Simple special relativity problem

[jethomas3182]

Homework Statement

From: http://www.phas.ubc.ca/~mcmillan/rqpdfs/1_relativity.pdf

The average lifetime of a pi meson in its own frame of reference is 26.0 ns. (This is its proper lifetime.)
If the pi meson moves with speed 0.95c with respect to the Earth, what is its lifetime as measured by an
observer at rest on Earth?

What is the average distance it travels before decaying as measured by an observer at rest on Earth?

Homework Equations

T=26 ns
v=.95c

t^2=T^2 + x^2
x=vt

The Attempt at a Solution

t^2 = T^2 + (vt)^2
t^2(1-v^2) = T^2
t^2(1-.95^2) = 26^2
t*sqrt(1-.95^2)=26
t=26/sqrt(1-.95^2) = 83.267 ns rounded to 83.3 ns Books answer: 83.3 ns

distance: x = vt = 83.3ns * 3*10^8 m/s = 24.99 m rounded to 25.0 Book's answer: 24.0

My answer is about 4% off.

83.267*.3=24.98
83.267*.29979=24.8

I got the median speed, but with halflife the median is mean*ln(2).

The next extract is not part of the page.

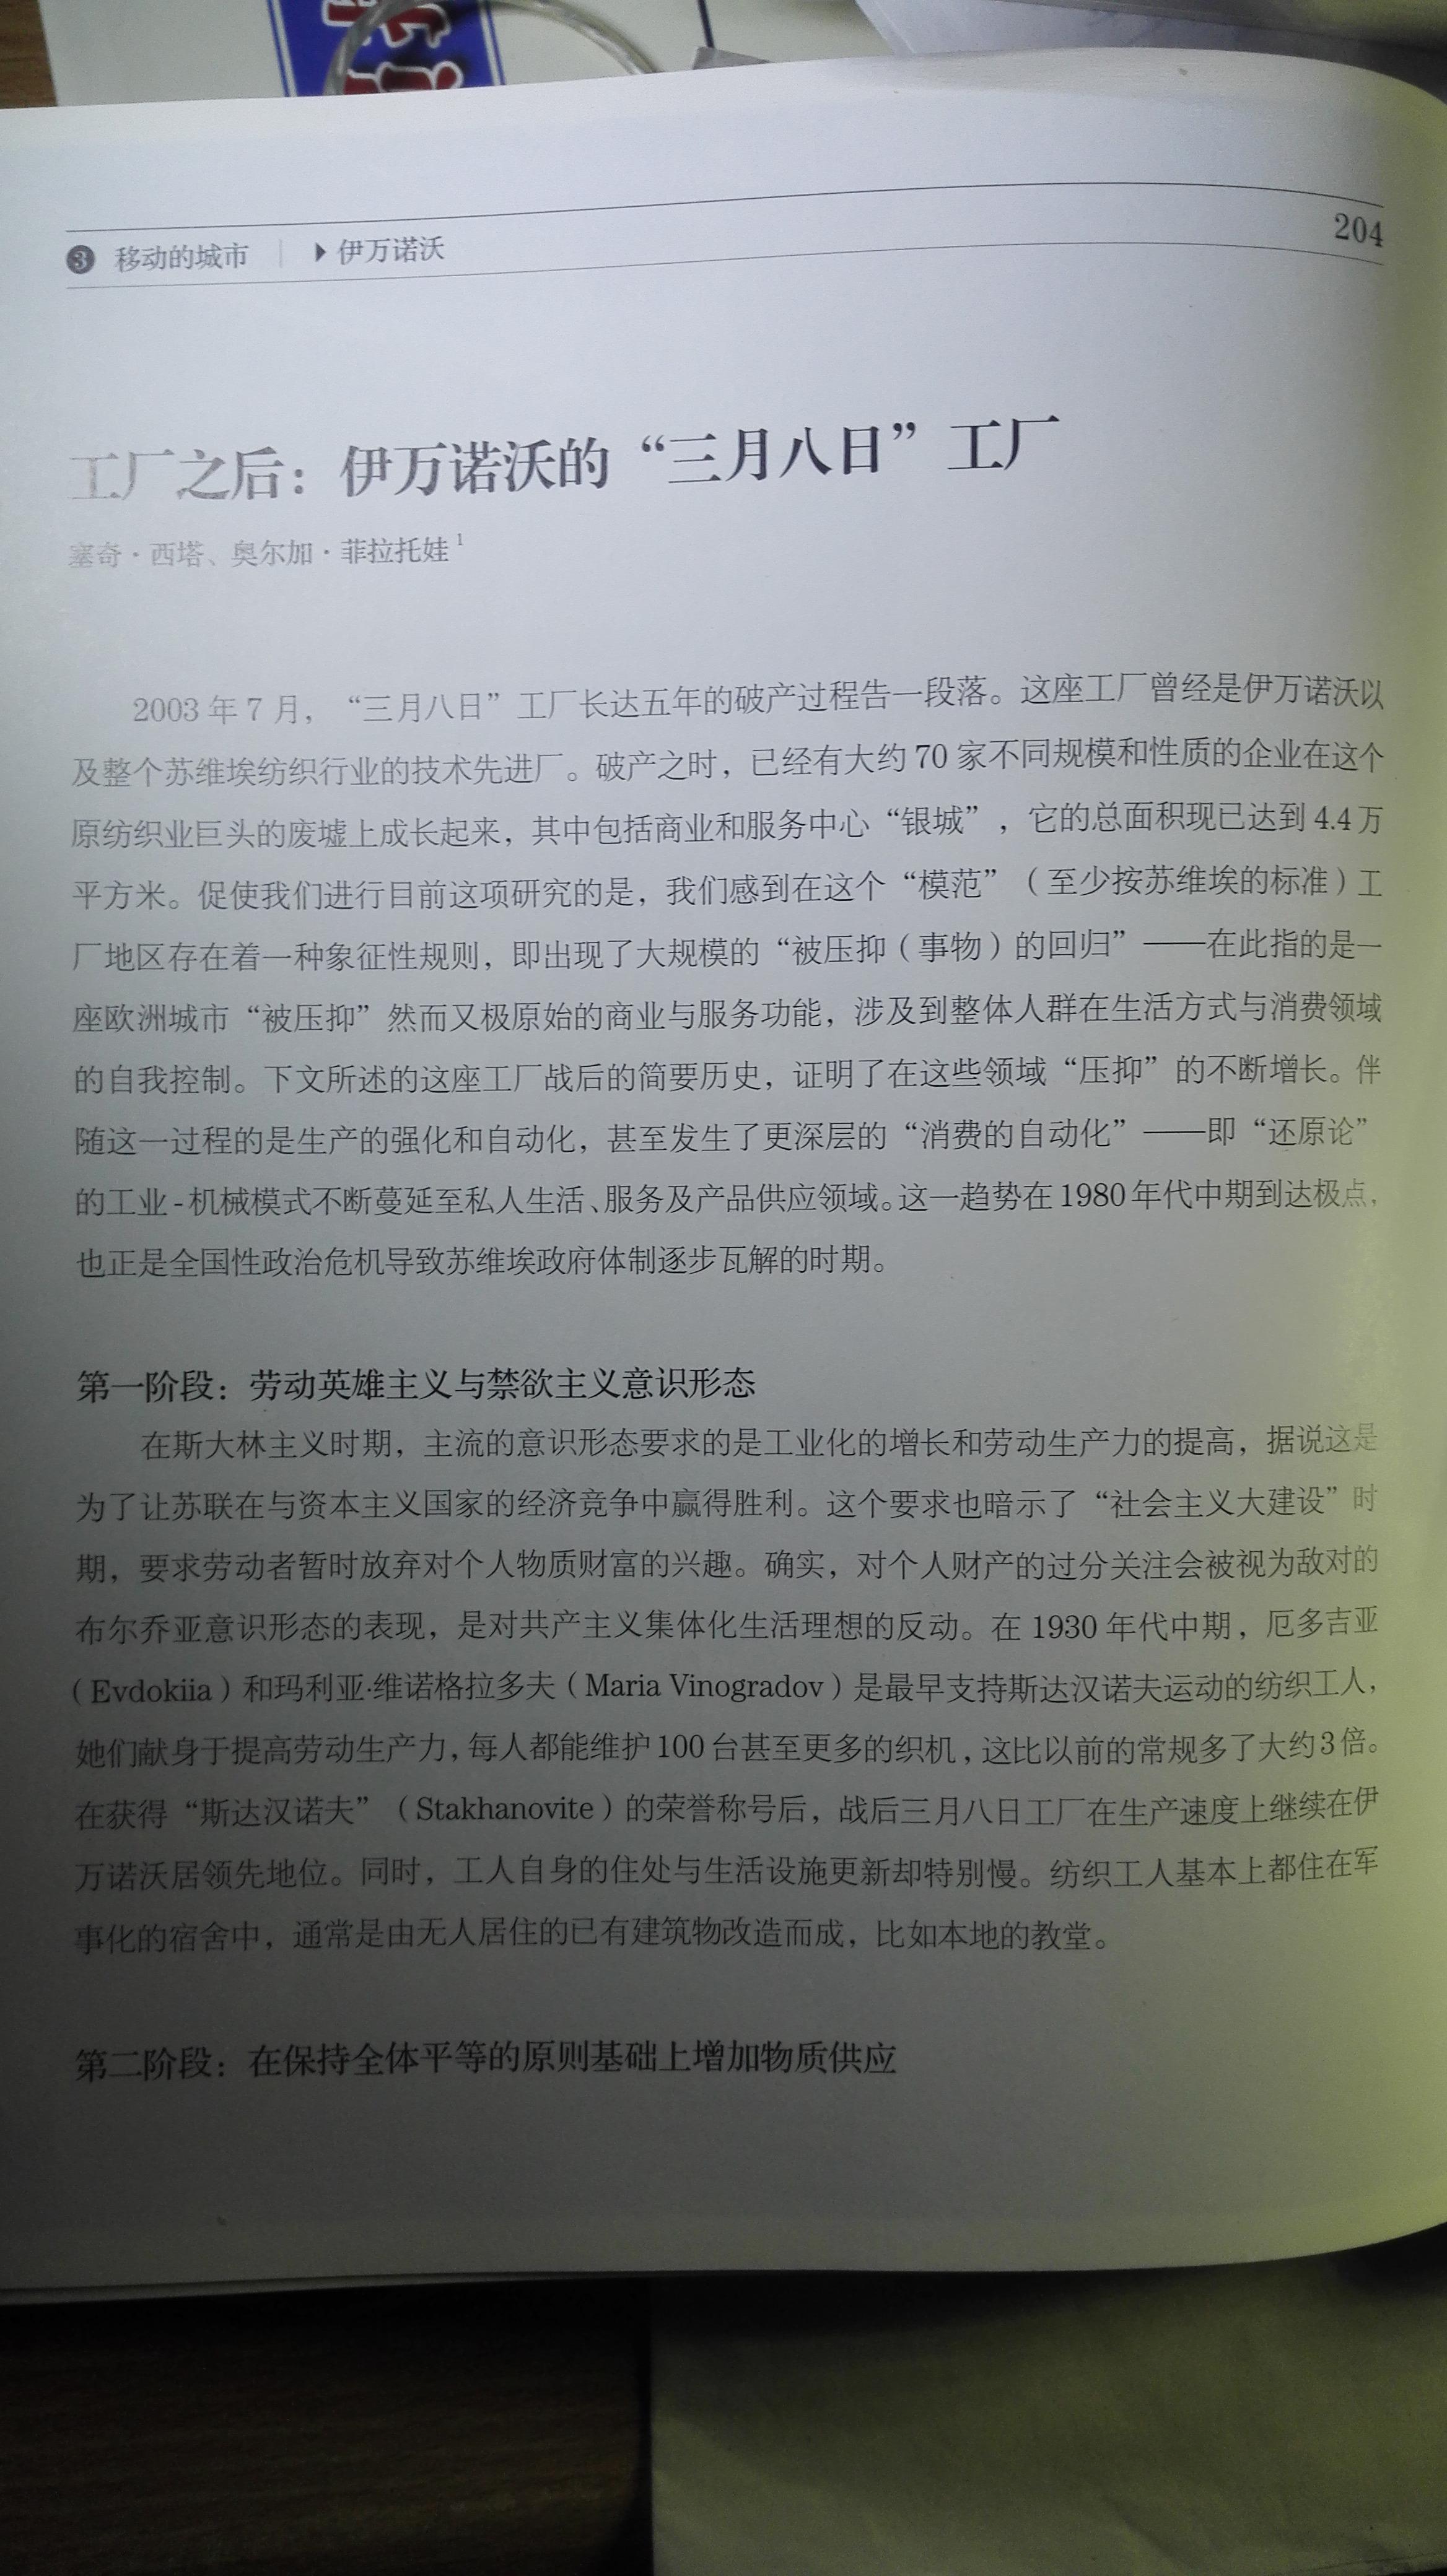 """http://imgsrc.baidu.com/imgad/pic/item/6c224f4a20a44623310a684f9322720e0df3d7df.jpg_jpg""""><img src=""""http://pic2.zhimg."""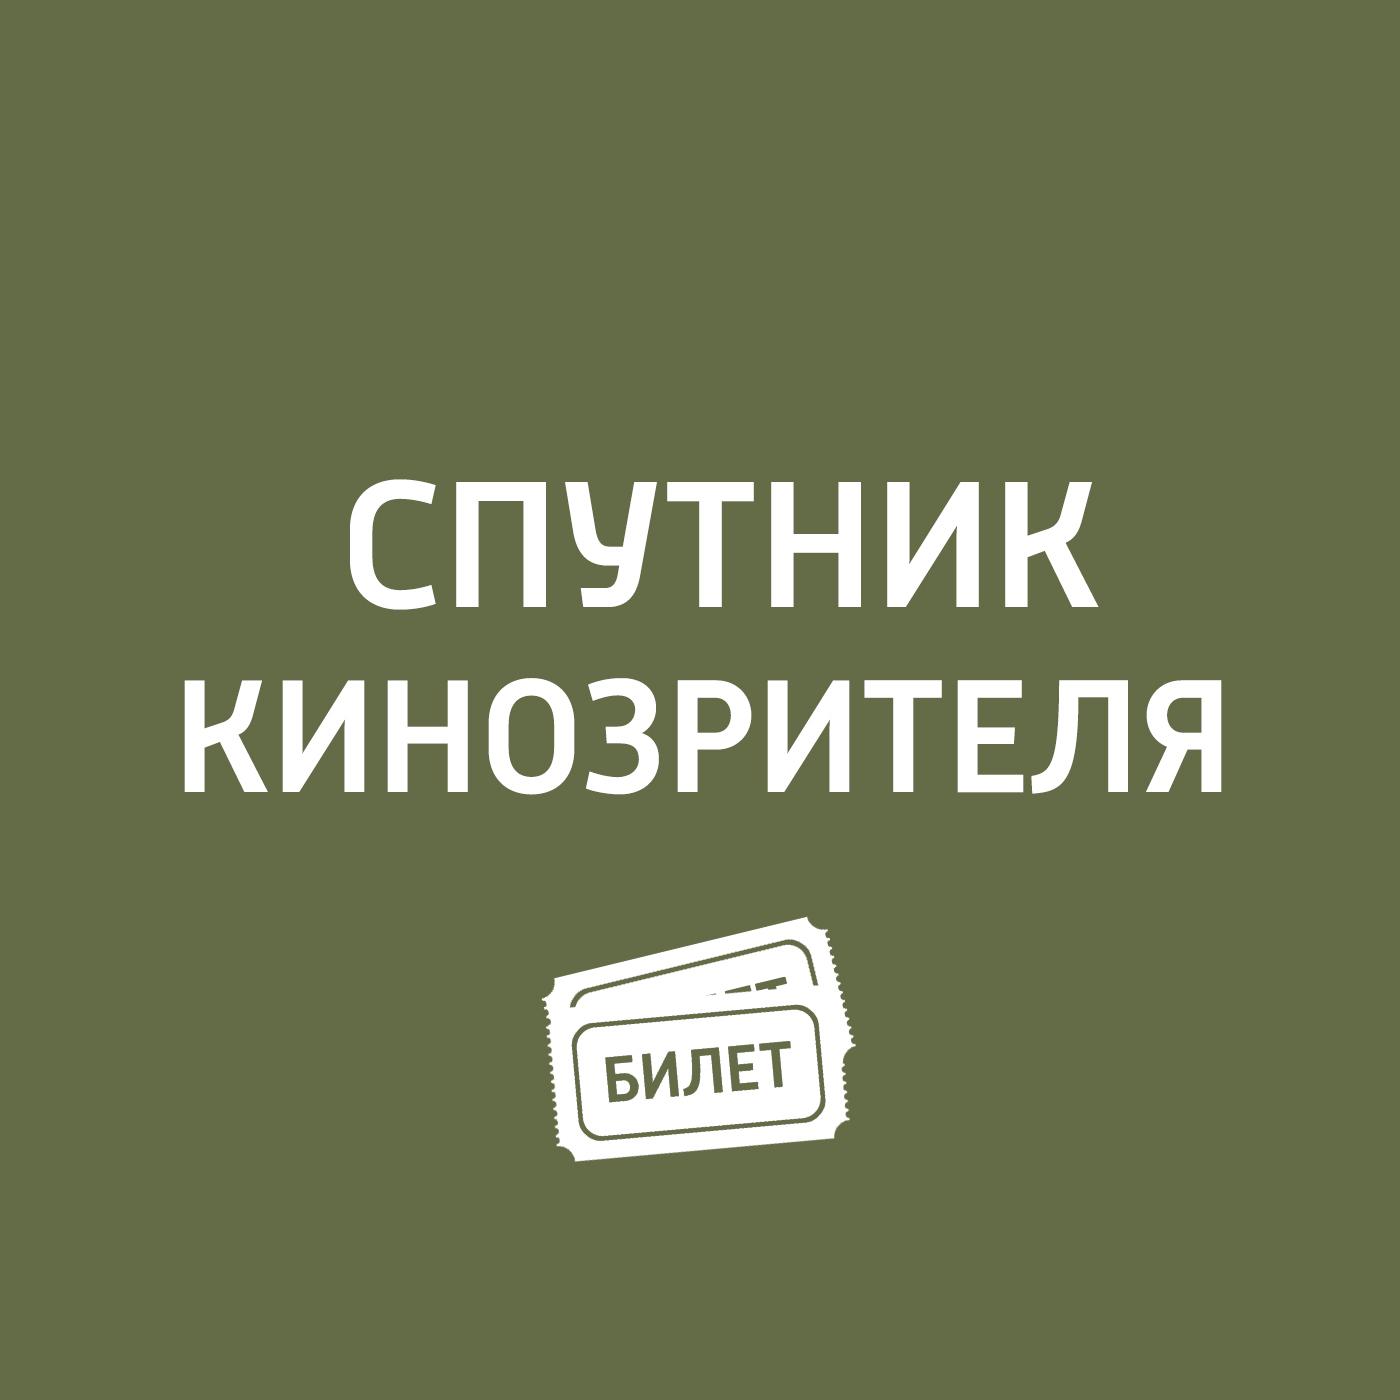 Антон Долин VA-банк, «Пленница, «Околофутбола

83.267*.29979/ln(2)=35.786 rounded to 35.8. Even worse.

Did the book make a typo, or am I missing something important?

 

[mfb]

The pi meson does not fly with the speed of light.

 

[jethomas3182]

The pi meson does not fly with the speed of light.

Thank you! Somehow I looked right over that.

 

[jethomas3182]

Reviewing this problem, I got

83.3*10^-9 * .95 * 3.0*10^8 = 23.74 meters

A more precise answer for the time is lower, a more precise number for lightspeed is lower. But the book's answer was 24.0, about 1% higher than my answer and their answer is claimed good to one part in 240 or so.

I don't see where I went wrong this time. It looks simple, but I don't see how to get it right.

 

[mfb]

Don't take the rounded value for the time, use a more precise one. This makes the distance even lower, however. 23.7 meters is the correct answer, rounding it to 24 is fine as well, giving 24.0 is wrong.

 

[jethomas3182]

Thank you! I wasn't confident that the book had it wrong.